* _DIRECTIONS_
Skip the images and print the listing exactly.

* _DATASET CONTENT_
■ ■ ■ ■ ■ ■ ■
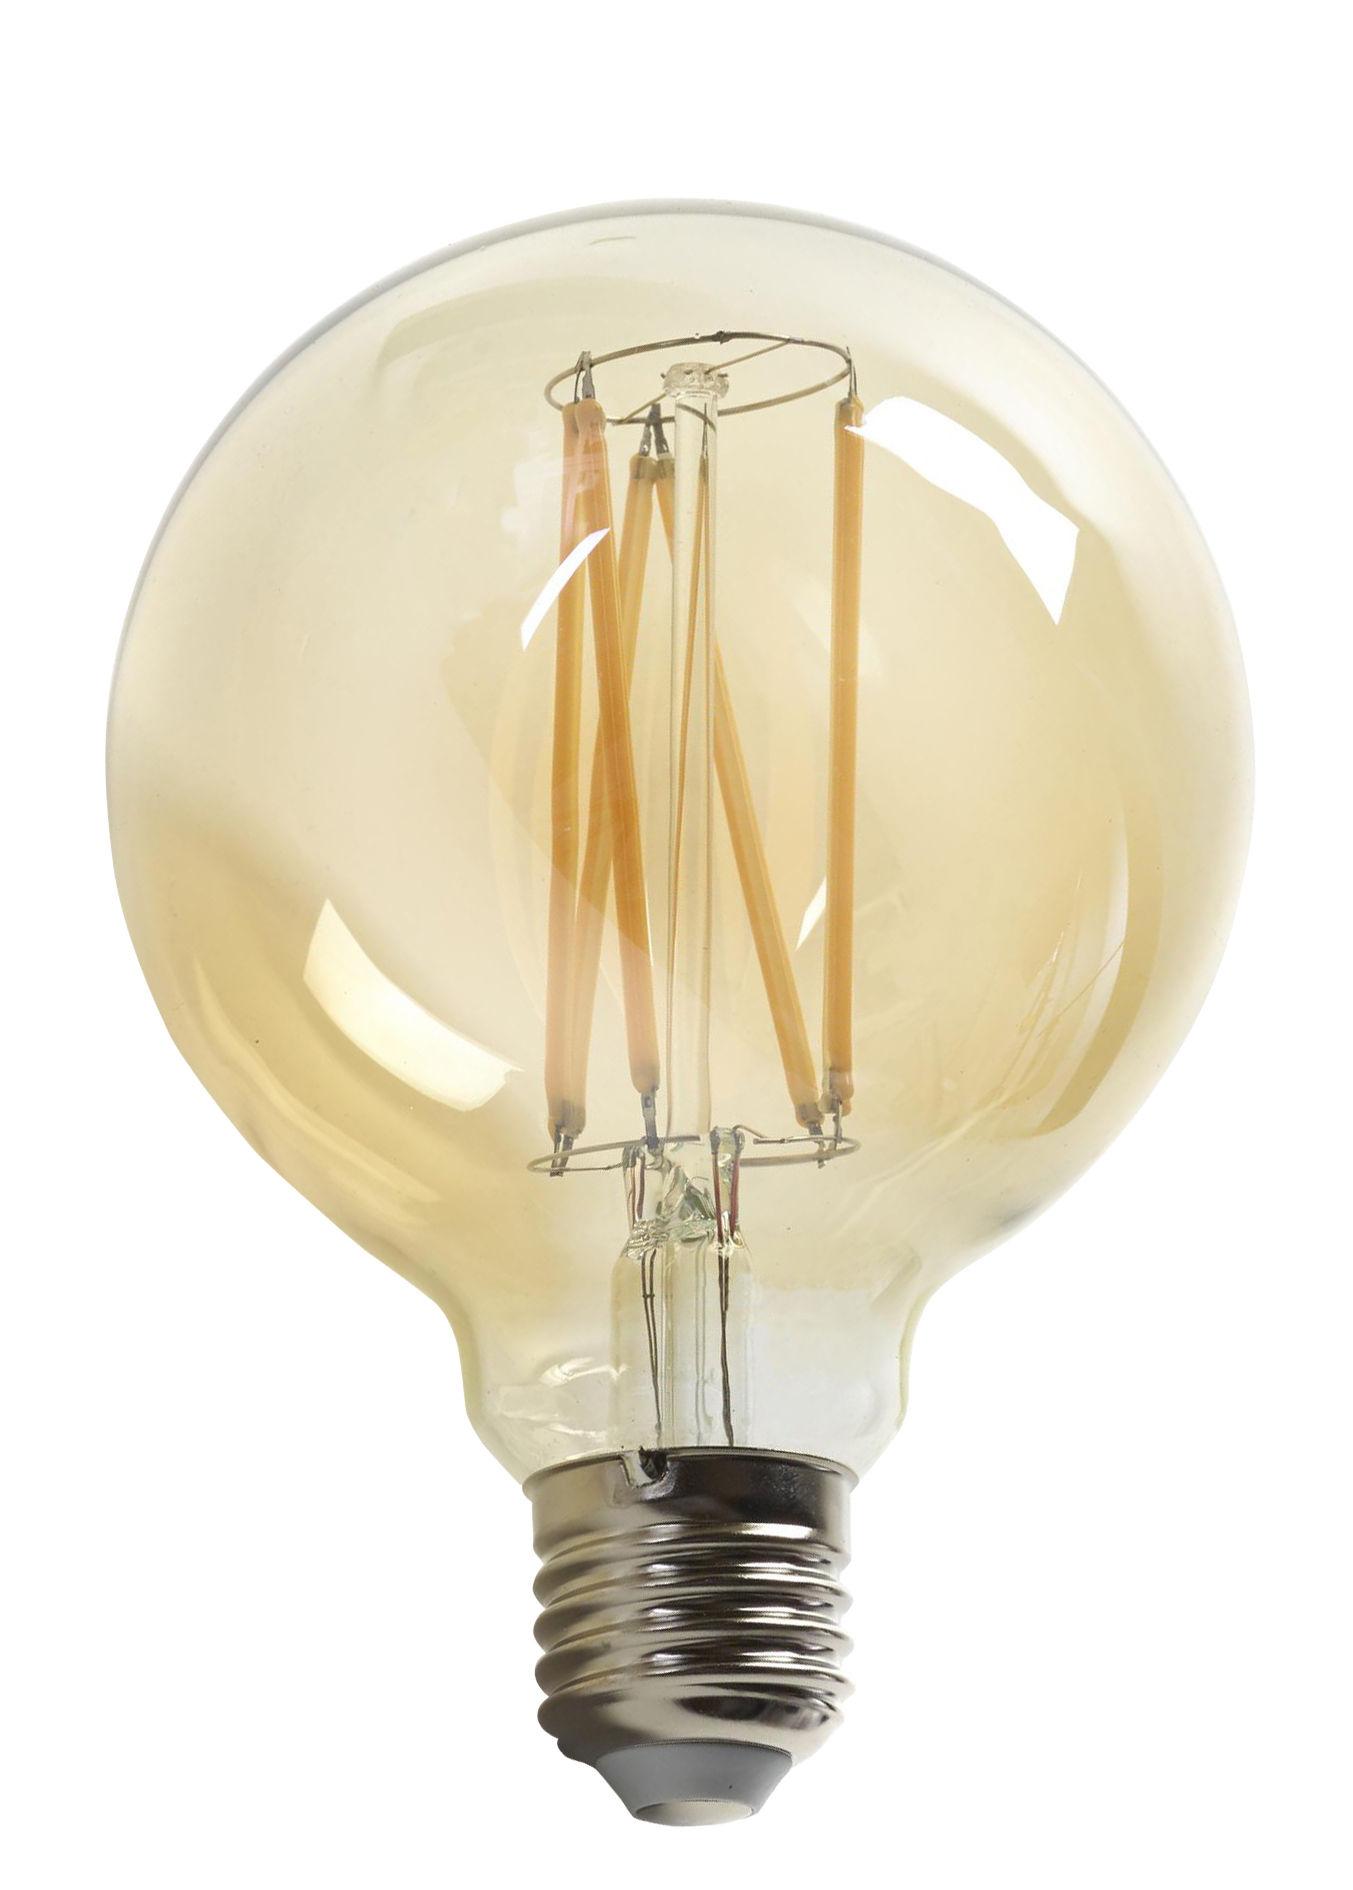 TransparentMade Design E27 Edison Filaments In Ampoule Serax Led 53AR4Lj
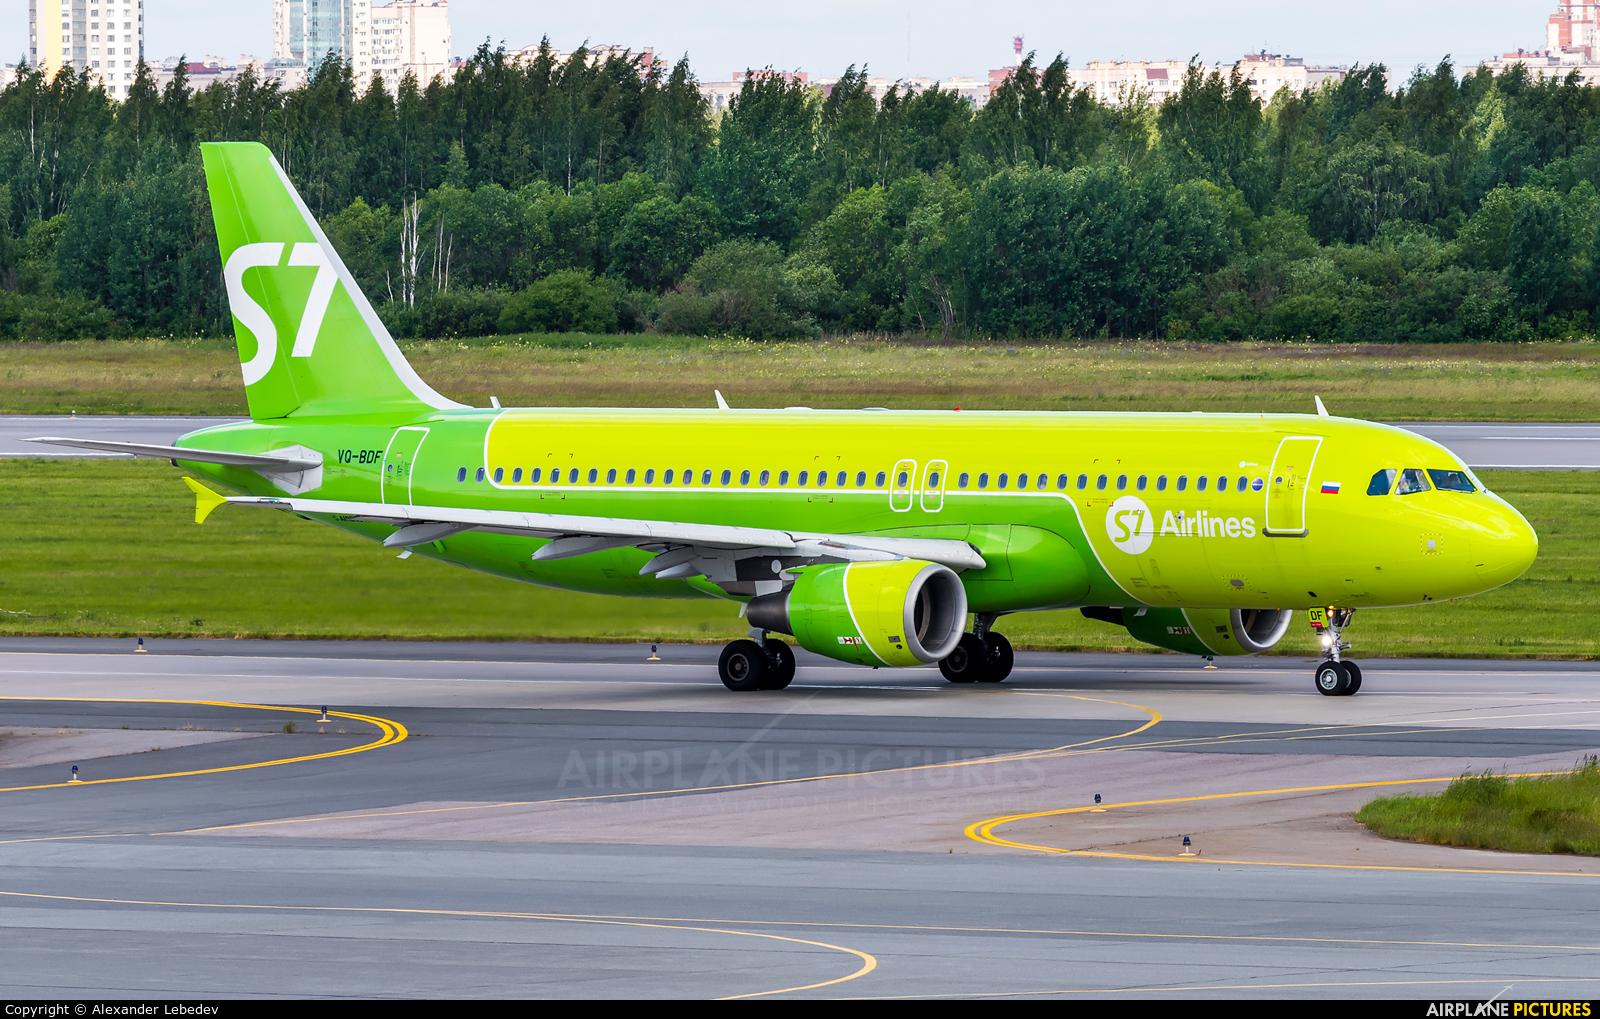 S7 Airlines VQ-BDF aircraft at St. Petersburg - Pulkovo
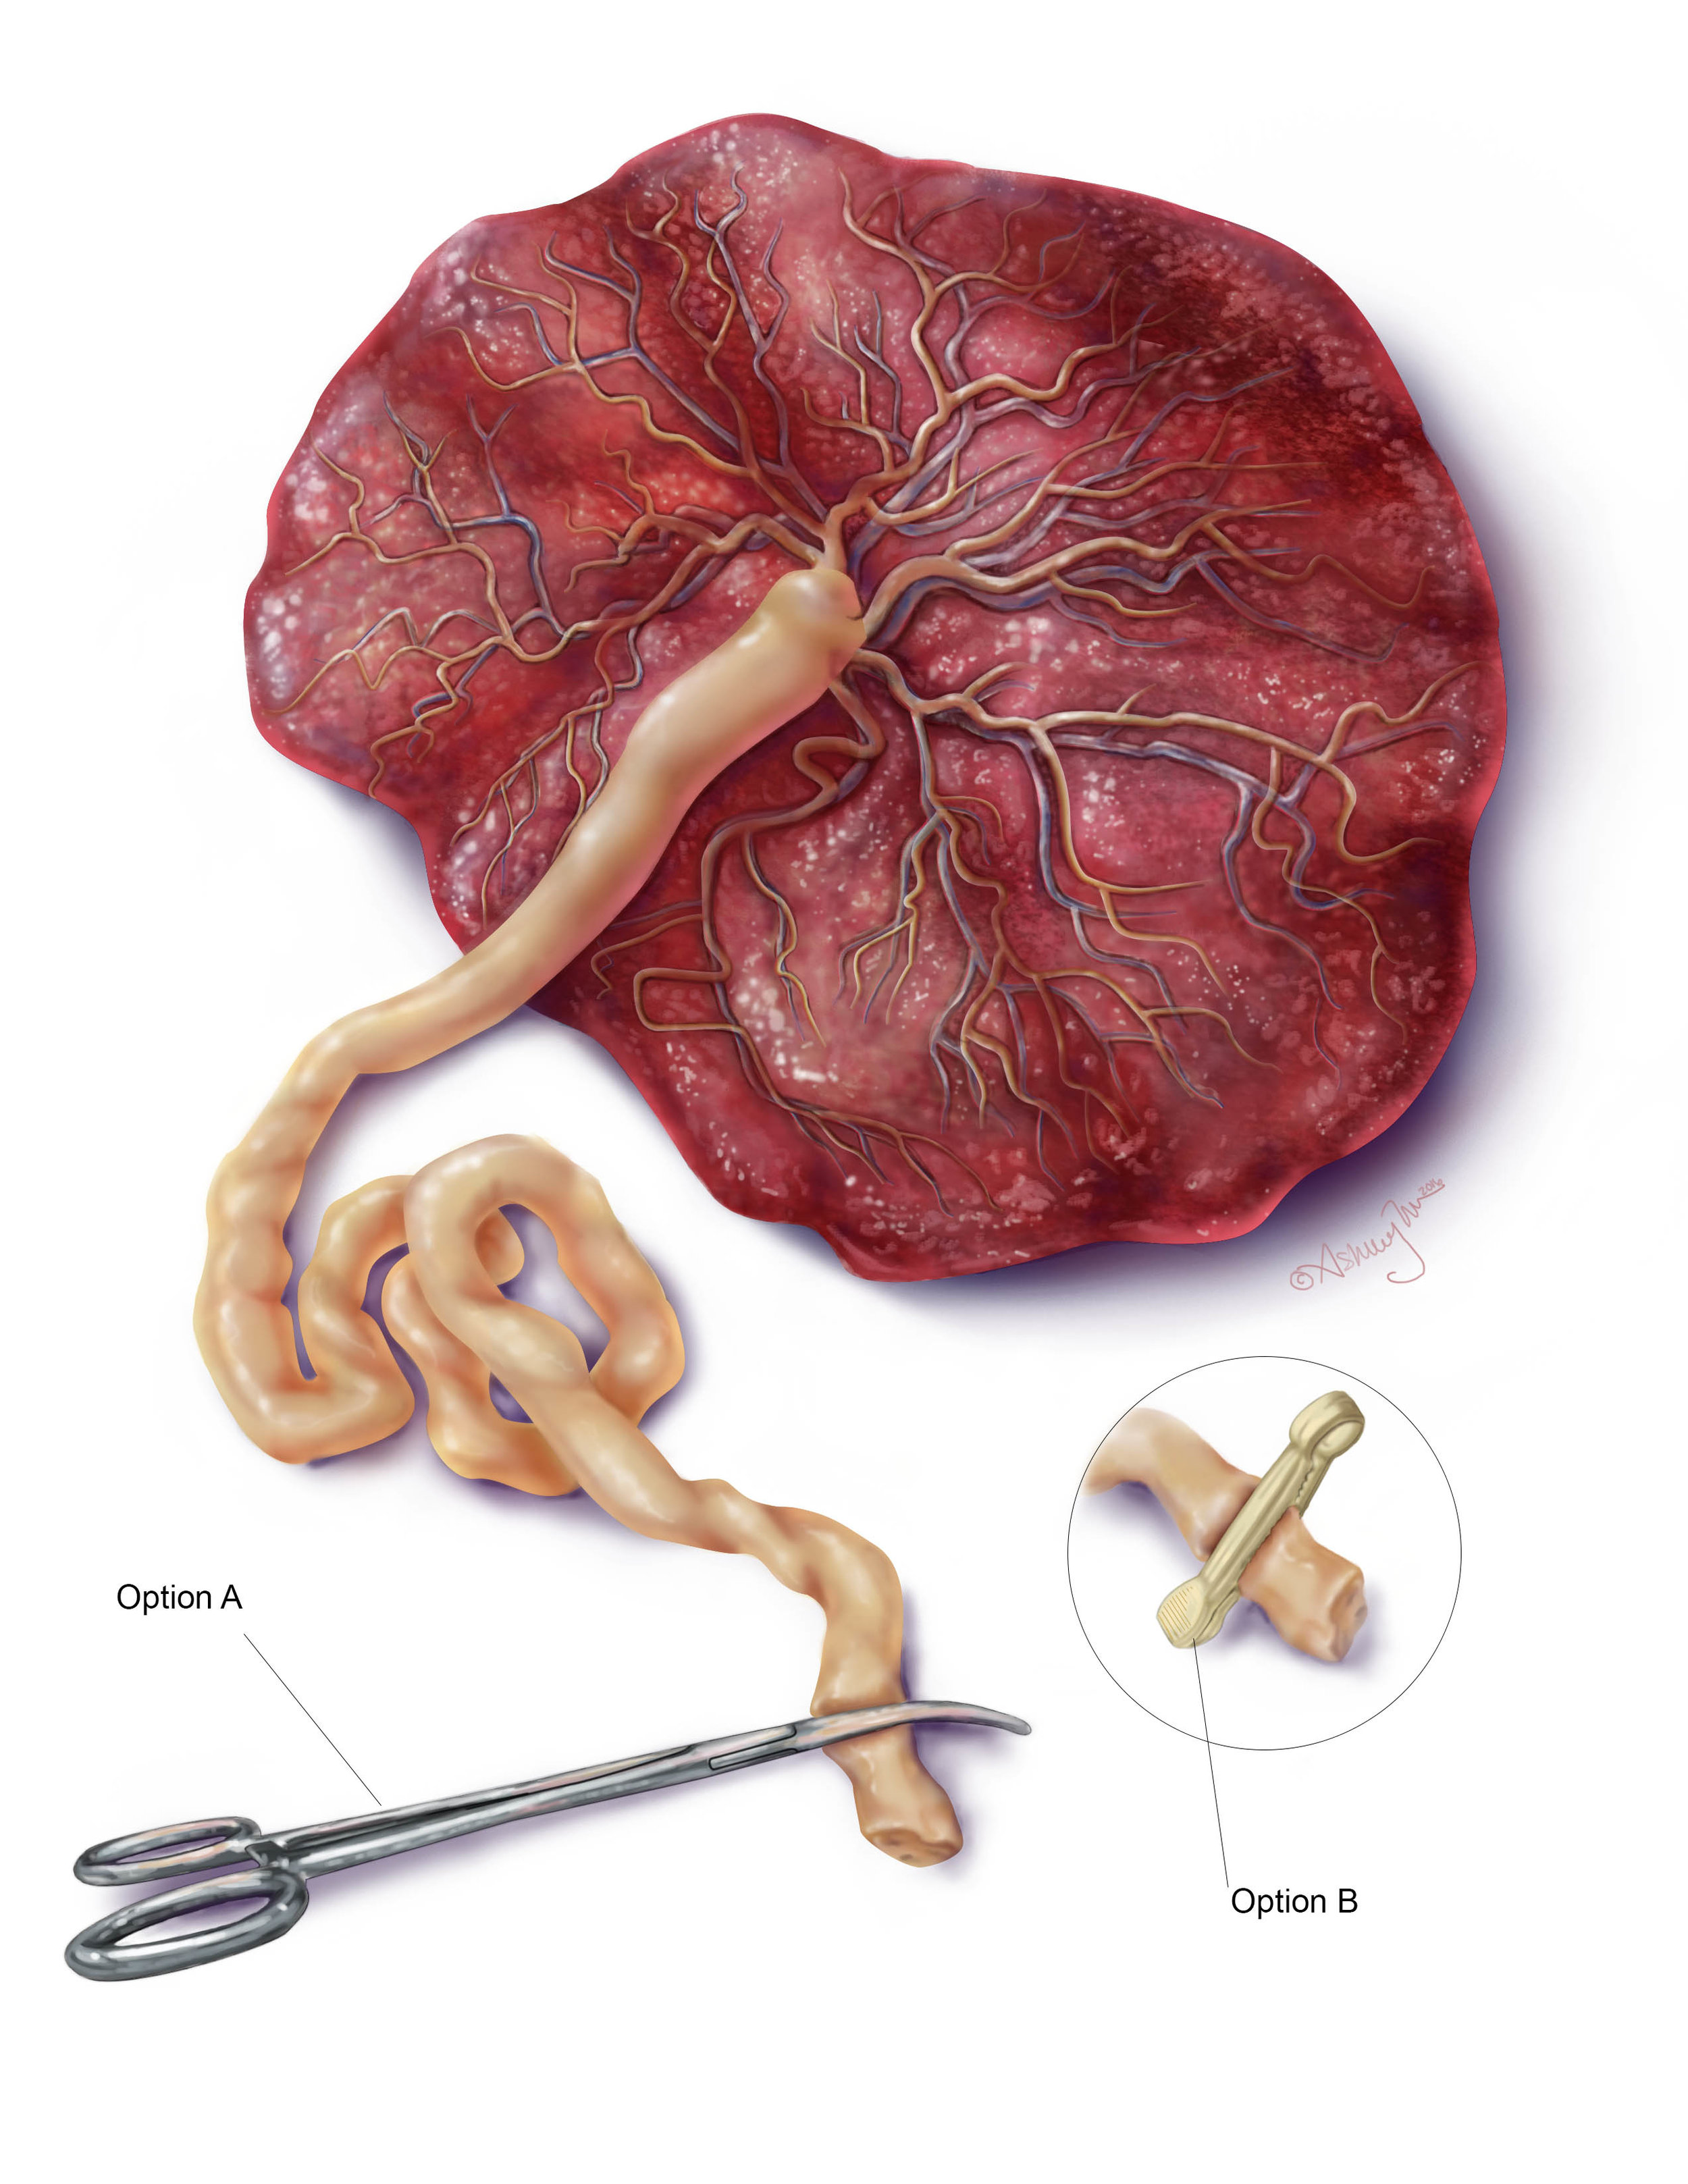 Copy of Placenta
■ ■ ■ ■ ■ ■ ■
* _OUTPUT_
 TransparentMade Design E27 Edison Filaments In Ampoule Serax Led 53AR4Lj
 S7 Airlines VQ-BDF aircraft at St. Petersburg - Pulkovo
 Copy of Placenta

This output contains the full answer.